Our runtime/search use-case is very simple: run filters to select all docs
that match some conditions specified in a filter query (we do not use
Lucene scoring) and return the first 100 docs that match (this is an
over-simplification)

On a machine with nothing else running, we are unable to move the needle on
CPU utilization to serve higher QPS. We see that most of the time is spent
in BlockTreeTermsReader.FieldReader.iterator() when we run profiling tools
to see where time is being spent. The CPU usage doesn't cross 30% (we have
multiple threads one per each client connected over a Jetty connection all
taken from a bounded thread-pool). We tried the usual suspects like
tweaking size of the threadpool, changing some jvm parameters like newsize,
heapsize, using cms for old gen, parnew for newgen, etc.

Does anyone here any pointers or general suggestions on how we can get good
performance out of Lucene 4.x? Specifically IndexSearcher performance
improvements for large, single-segment, atomicreaders.

I'll share more specifics if necessary but I'd like to hear from folks here
what your experience has been and what you did to speed up your
IndexSearchers to improve throughput *and/or* latency.

Thanks!

-- 
Arvind Kalyan
http://www.linkedin.com/in/base16

Re: Lucene 4 single segment performance improvement tips?

Posted by Arvind Kalyan <ba...@gmail.com>.

Thanks Mike. Good idea.. we have a pretty thick stack and I got it down to
the jetty+lucene thinking it is barebones enough.. but good call on running
it purely on lucene. I'll see if it moves any needle (hopefully it does).

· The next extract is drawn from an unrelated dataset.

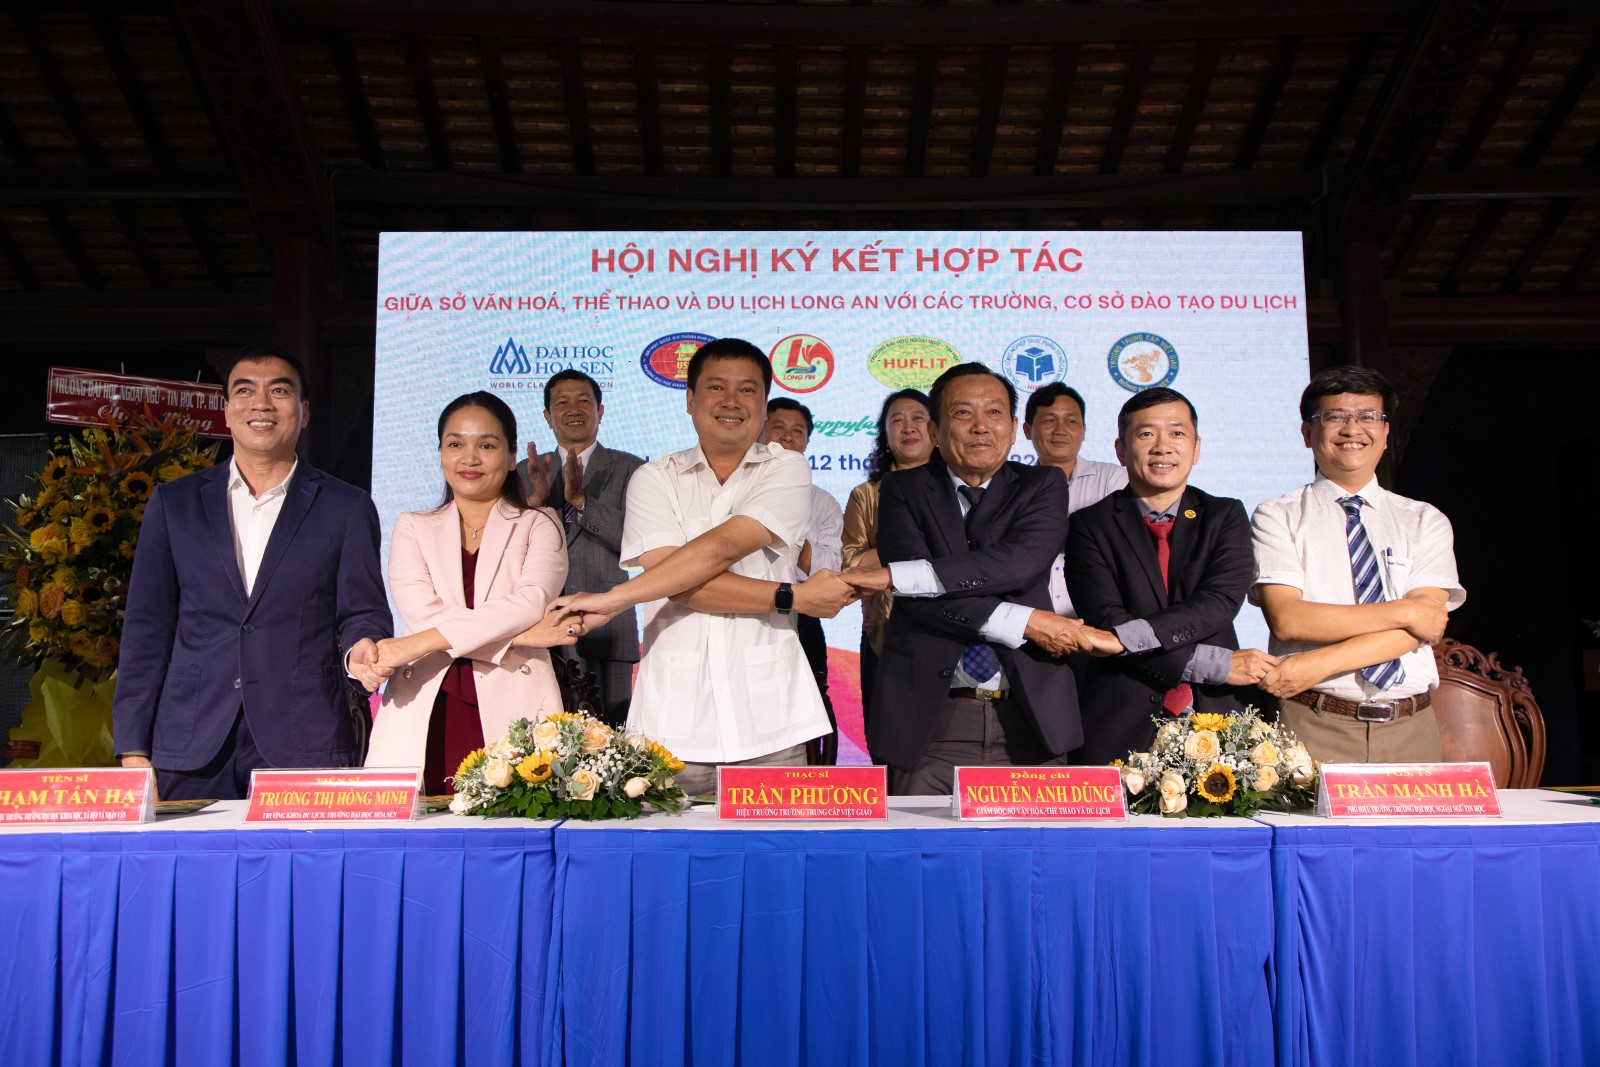 HUFI ký kết hợp tác phát triển du lịch với Sở Văn hóa, Thể thao và Du lịch tỉnh Long An

On Wed, Mar 5, 2014 at 4:25 AM, Michael McCandless <
lucene@mikemccandless.com> wrote:

> What sorts of queries are you running?  It seems like they must be
> very terms-dict intensive, e.g. primary key lookups or multi-term
> queries, and maybe not matching too many documents?
>
> It's strange you can't get CPU usage up, as you add threads.  Maybe
> simplify the test to remove Jetty?  Ie, a standalone test just
> invoking Lucene APIs directly using multiple threads.
>
> Does the profiler reveal and hot locks, where threads are having to
> wait to acquire the lock?
>
> Mike McCandless
>
> http://blog.mikemccandless.com
>
>
> On Wed, Mar 5, 2014 at 4:18 AM, Arvind Kalyan <ba...@gmail.com> wrote:
> > Hi folks,
> >
> > We are currently using Lucene 4.5 and we are hitting some bottlenecks and
> > appreciate some input from the community.
> >
> > This particular index (the disk size for which is about 10GB) is
> guaranteed
> > to not have any updates, so we made it a single segment index by doing a
> > forceMerge(1). The index is guaranteed to be in-memory as well: we use
> the
> > MMapDirectory and the whole thing is mlocked after load. So there is no
> > disk I/O.
> >
> > Our runtime/search use-case is very simple: run filters to select all
> docs
> > that match some conditions specified in a filter query (we do not use
> > Lucene scoring) and return the first 100 docs that match (this is an
> > over-simplification)
> >
> > On a machine with nothing else running, we are unable to move the needle
> on
> > CPU utilization to serve higher QPS. We see that most of the time is
> spent
> > in BlockTreeTermsReader.FieldReader.iterator() when we run profiling
> tools
> > to see where time is being spent. The CPU usage doesn't cross 30% (we
> have
> > multiple threads one per each client connected over a Jetty connection
> all
> > taken from a bounded thread-pool). We tried the usual suspects like
> > tweaking size of the threadpool, changing some jvm parameters like
> newsize,
> > heapsize, using cms for old gen, parnew for newgen, etc.
> >
> > Does anyone here any pointers or general suggestions on how we can get
> good
> > performance out of Lucene 4.x? Specifically IndexSearcher performance
> > improvements for large, single-segment, atomicreaders.
> >
> > I'll share more specifics if necessary but I'd like to hear from folks
> here
> > what your experience has been and what you did to speed up your
> > IndexSearchers to improve throughput *and/or* latency.
> >
> > Thanks!
> >
> > --
> > Arvind Kalyan
> > http://www.linkedin.com/in/base16
>
> ---------------------------------------------------------------------
> To unsubscribe, e-mail: java-user-unsubscribe@lucene.apache.org
> For additional commands, e-mail: java-user-help@lucene.apache.org
>
>


-- 
Arvind Kalyan
http://www.linkedin.com/in/base16
cell: (408) 761-2030

Re: Lucene 4 single segment performance improvement tips?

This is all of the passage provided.